SELECT ?item ?itemLabel WHERE {
  ?item wdt:P31 wd:Q8054 .
  ?item rdfs:label ?itemLabel. FILTER( LANG(?itemLabel)="en" )
}
Try it!

Note that this will output only those items that have an English label, though.

Named subqueries edit

As mentioned below, the optimizer sometimes tries to optimize the whole query across subqueries, so putting part of the query into a subquery doesn’t always help. You can fix this by using a BlazeGraph extension, called named subqueries:

SELECT ?item ?itemLabel 

WITH {
  SELECT ?item  WHERE {
     
  }
} AS %results 

WHERE {
  INCLUDE %results.
     
  SERVICE wikibase:label { bd:serviceParam wikibase:language "[AUTO_LANGUAGE],en". }
}
Try it!

Named subqueries are guaranteed to run only once, on their own, which is just what we want here.

Further uses of named subqueries edit

The above example only uses one named subquery, but you can use any number of them. This can be useful to impose a general order or structure on the query, while still letting the optimizer rearrange the instructions within each subquery as it knows best.

You can also disable the optimizer only in one named subquery, while still letting it optimize the rest of the query: for this, specify hint:SubQuery hint:optimizer "None" in that subquery instead of the usual hint:Query hint:optimizer "None".

See User:TweetsFactsAndQueries/Queries/name phrases for an example using this technique.

Named subqueries are also useful when you want to group results multiple times, or want to use the same subquery results more than once in different contexts – you can INCLUDE the same named subquery into multiple other ones, if necessary (and it will be run only once). See User:TweetsFactsAndQueries/Queries/most common election days for an example of this.

Searching labels edit

If you want to find all items that have a certain word, say "Frankfurt" in a label, you could try a query like this:

SELECT ?item ?label
WHERE
{
  ?item rdfs:label ?label.
  FILTER CONTAINS(?label, "Frankfurt")
}
Try it!

But that query will timeout because the query engine would have to the read hundreds of millions of labels to find the word. But Wikidata's normal search function have all words in labels indexed and can make the search very fast. It is possible for a query to access Wikidata's search function with the MediaWiki API Query Service. The query below also finds items with the word "Frankfurt" in a label but uses the MediaWiki API, and can therefore run without timeout:

SELECT ?item ?label
WHERE
{
  SERVICE wikibase:mwapi
  {
    bd:serviceParam wikibase:endpoint "www.wikidata.org";
                    wikibase:api "Generator";
                    mwapi:generator "search";
                    mwapi:gsrsearch "inlabel:Frankfurt";
                    mwapi:gsrlimit "max".
    ?item wikibase:apiOutputItem mwapi:title.
  }
  ?item rdfs:label ?label.
  FILTER CONTAINS(?label, "Frankfurt")
}
Try it!

The MWAPI search can also include search for labels in selected languages only, and search statements and qualifiers and more. Please see mw:Help:Extension:WikibaseCirrusSearch for a description of the search options.

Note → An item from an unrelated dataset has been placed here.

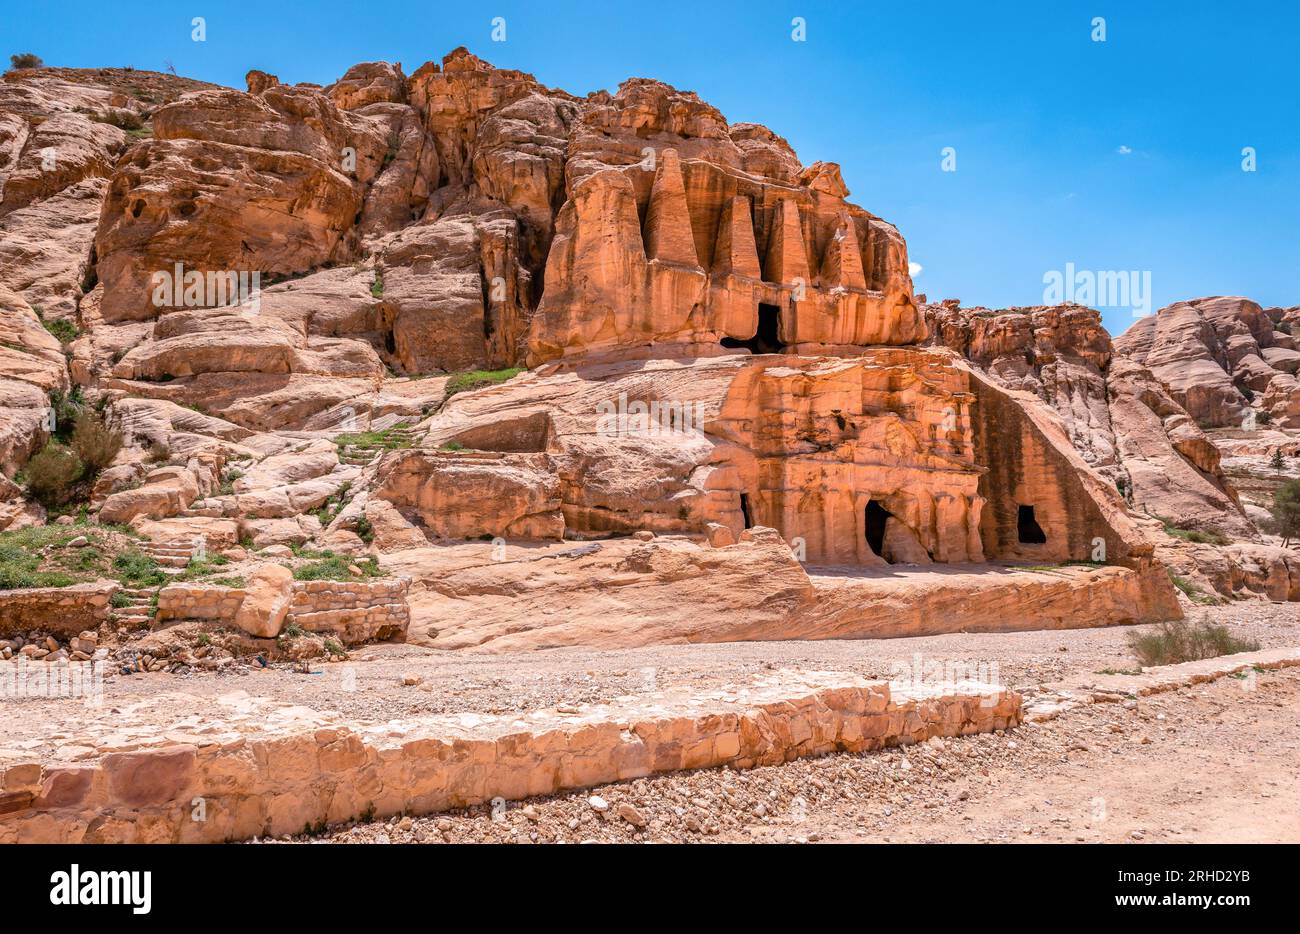 View of the main road to Petra, with row of monumental Nabataean tombs  carved in the cliff face. Stock Photo

Use COUNT(*) when possible, and fast range counts edit

If you want to know the number of persons in Wikidata you might make this query:

SELECT (COUNT(?item) AS ?count)
{
  ?item wdt:P31 wd:Q5 .
}
Try it!

It looks simple but takes a long time to run. The SPARQL engine must check if ?item is bound and has a non-error value over 8 million times so the query typically takes 20–30 seconds to run. But we know that ?item is always bound and that the values are always items, so it is better to just count the number of results without conditions using this query:

SELECT (COUNT(*) AS ?count)
{
  ?item wdt:P31 wd:Q5 .
}
Try it!

Here the engine doesn't have to examine each result to make the count, and query uses less than a second to run.

While counting the number of results is faster than counting the number of a specific binding in general, the reason this example is particularly fast is that the optimizer will rewrite a count over a single triple pattern to use fast range counts. This optimization will not fire if you try to count a set that consists of more than one single triple pattern.

Distinct term scan, and group by and count optimization edit

If you try to list unique predicates like so, the operation will time out.

SELECT ?p
WHERE { [] ?p [] . }
GROUP BY ?p
Try it!

However, if you alter this query slightly, it will be rewritten by the optimizer to use a distinct term scan, which is quite fast. This only works on a single triple pattern.

SELECT DISTINCT ?p
WHERE { [] ?p [] . }
Try it!

There is also a simple group by and count optimization that will combine both the distinct term scan and the fast range count optimizations, the latter for every predicate. This is a lightningly fast way to get counts for all the different predicates. If you need only counts for a subset of the predicates it will most likely be fastest to start with this, wrap it unchanged in a named subquery, then reduce the set down to what you want.

SELECT ?p (COUNT(?p) AS ?count)
WHERE { [] ?p [] . }
GROUP BY ?p
Try it!

This optimization should work for any component of the triple.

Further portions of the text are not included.